While the first and second aspects of the invention relate to improving the signals produced by the electrodes, a third aspect aims to improve the accuracy of the detector further by filtering of the signals.
According to a third aspect of the invention, we provide a fluidic oscillator liquid flow meter comprising a body having an inlet portion to receive a flow of liquid to be measured, an outlet portion, a main channel defining a flow path between the inlet and outlet, the flow path including feedback structure to induce oscillations in the flowing fluid, the oscillations being detected by a detector, the detector comprising magnetic field generating means to apply a magnetic field across the flow path and at least one pair of sensing-electrodes to detect the resulting e.m.f., wherein the detector further includes a signal processor, the signal processor including a memory arranged to receive and store the signals sensed by the sensing electrodes, and a comparison processor connected to the memory, the comparison processor being arranged to compare received signals with signals stored in the memory and to determine whether or not a particular signal should be counted by the flow meter.
The signal processor further improves accuracy by filtering out erroneous signals detected by the electrodes. It will be appreciated that the sensing electrodes typically generate a continuous output waveform and the reference to signals received from the sensing electrodes refers to the signal shapes or pulses contained in the waveform. The improved accuracy is advantageously achieved by comparing a given signal with a prediction based on previously received signals from the sensing electrodes stored in the memory. If the signal being compared differs significantly from the predicted signal, the meter may decide not to count the signal in its measurement of the volume of water that passes through it.
The memory may be adapted to store at least two of the most recently sensed signals from the sensing electrodes. This is advantageous as the most recently received signal can be compared to the signal received previously to determine if it is due to fluid flow and therefore valid or due to another cause (external vibration, pulsation of flow or reverse flow) and therefore not valid. Most preferably the memory is arranged to store the most recently received signal from the sensing electrodes and a predetermined number of signals received prior to the most recently received signal. This is advantageous as the comparison processor can compare the most recently received signal with the number of other signals, which may be consecutively received signals, to determine if the most recently received signal is abnormal and therefore possibly erroneous. Thus, the memory acts as a “sliding window” that stores the last predetermined number of signals, signal shapes or pulses from the sensing electrodes. Alternatively, the “sliding window” may be defined in terms of time and therefore the memory may be adapted to store a predetermined number of seconds of output from the sensing electrodes.

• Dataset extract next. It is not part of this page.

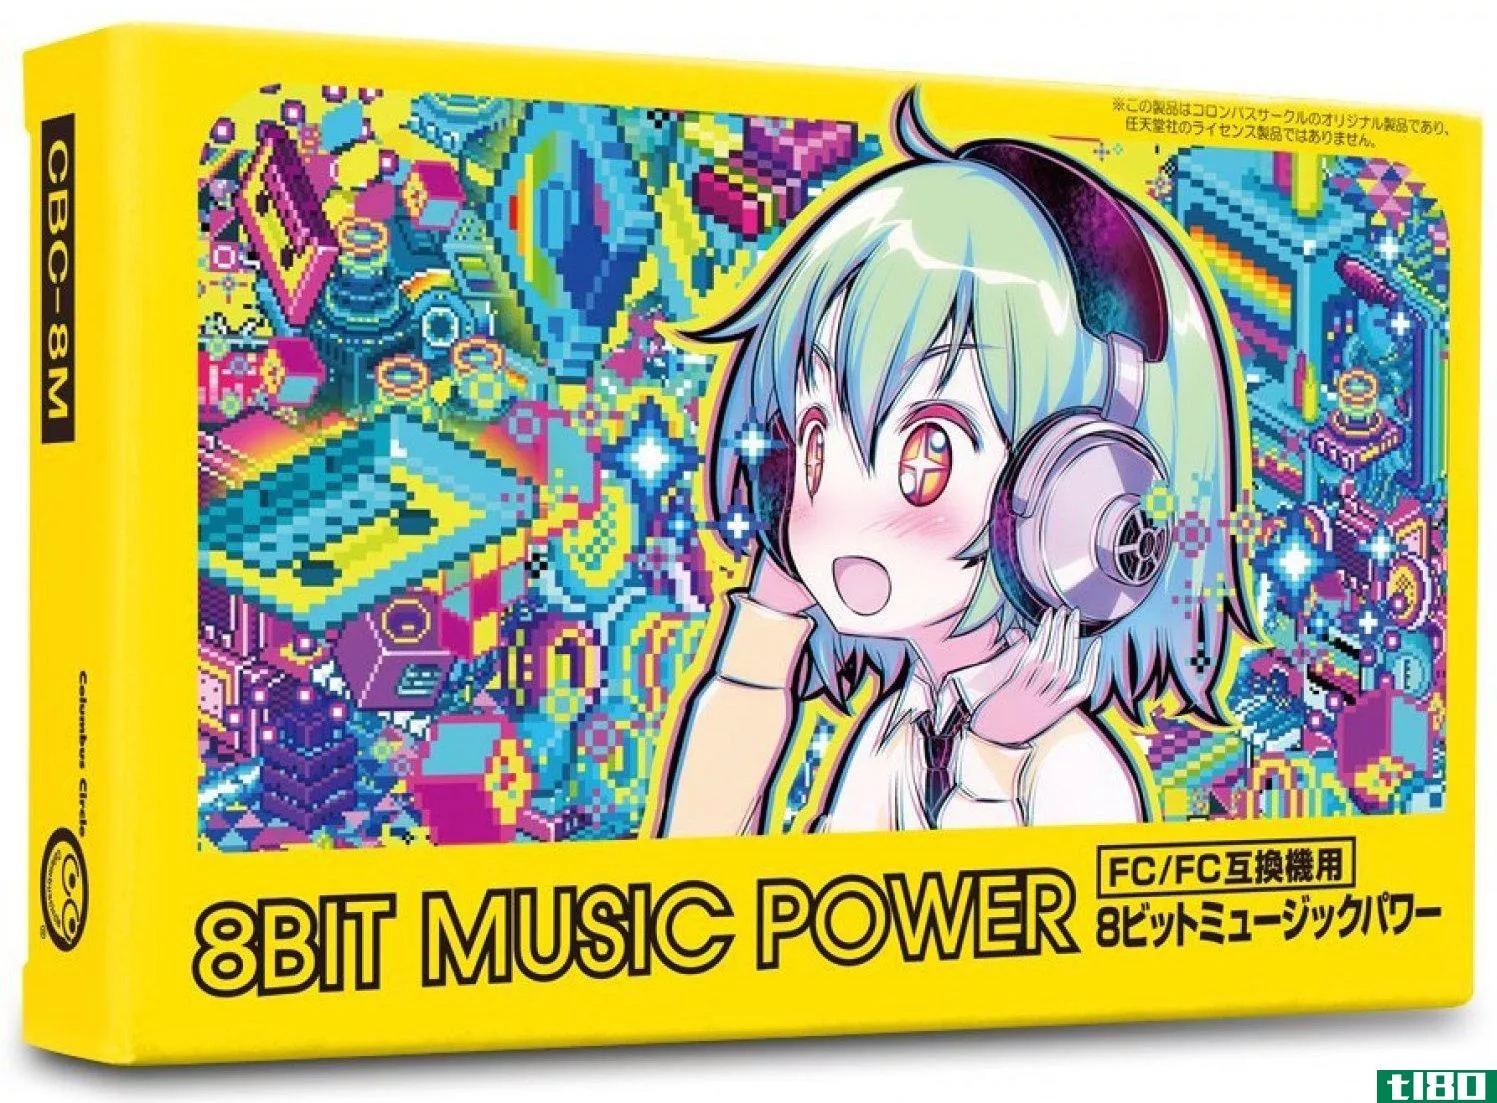 8bit Music Power
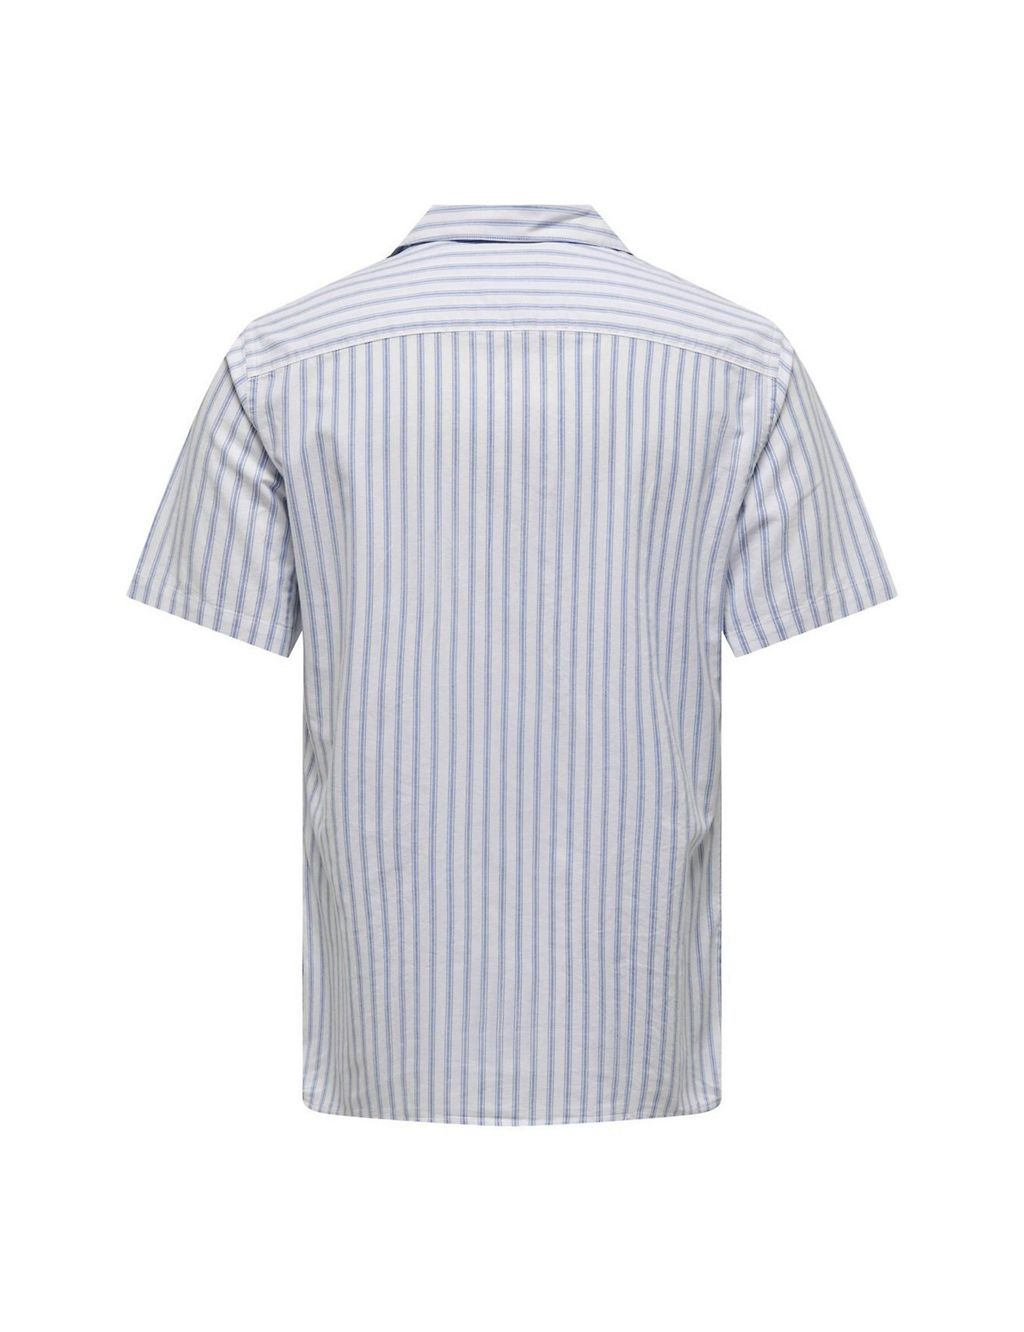 Cotton Rich Striped Oxford Shirt 7 of 7

The comparison processor is then adapted to compare the signals sensed by the sensing electrodes and determine whether a given signal differs by more than a predetermined threshold value from a previously received signal. This is advantageous as the threshold value can be set such that typical variations in the flow do not disrupt the measurement of the flow volume, while reverberations in the flow or reverse flow can be reliably detected and the respective signals discounted from the measurement of the flow volume.
Alternatively, the memory may be adapted to store not only the most recently received signals, but also known or received patterns of signals, such as represent, for example, steadily increasing or decreasing flow. This enables the comparison processor to compare a set of received signals with a pattern, and then to predict what the next signal may be, to determine whether it falls within the pattern, and is to be counted, or is erroneous, and should not be counted.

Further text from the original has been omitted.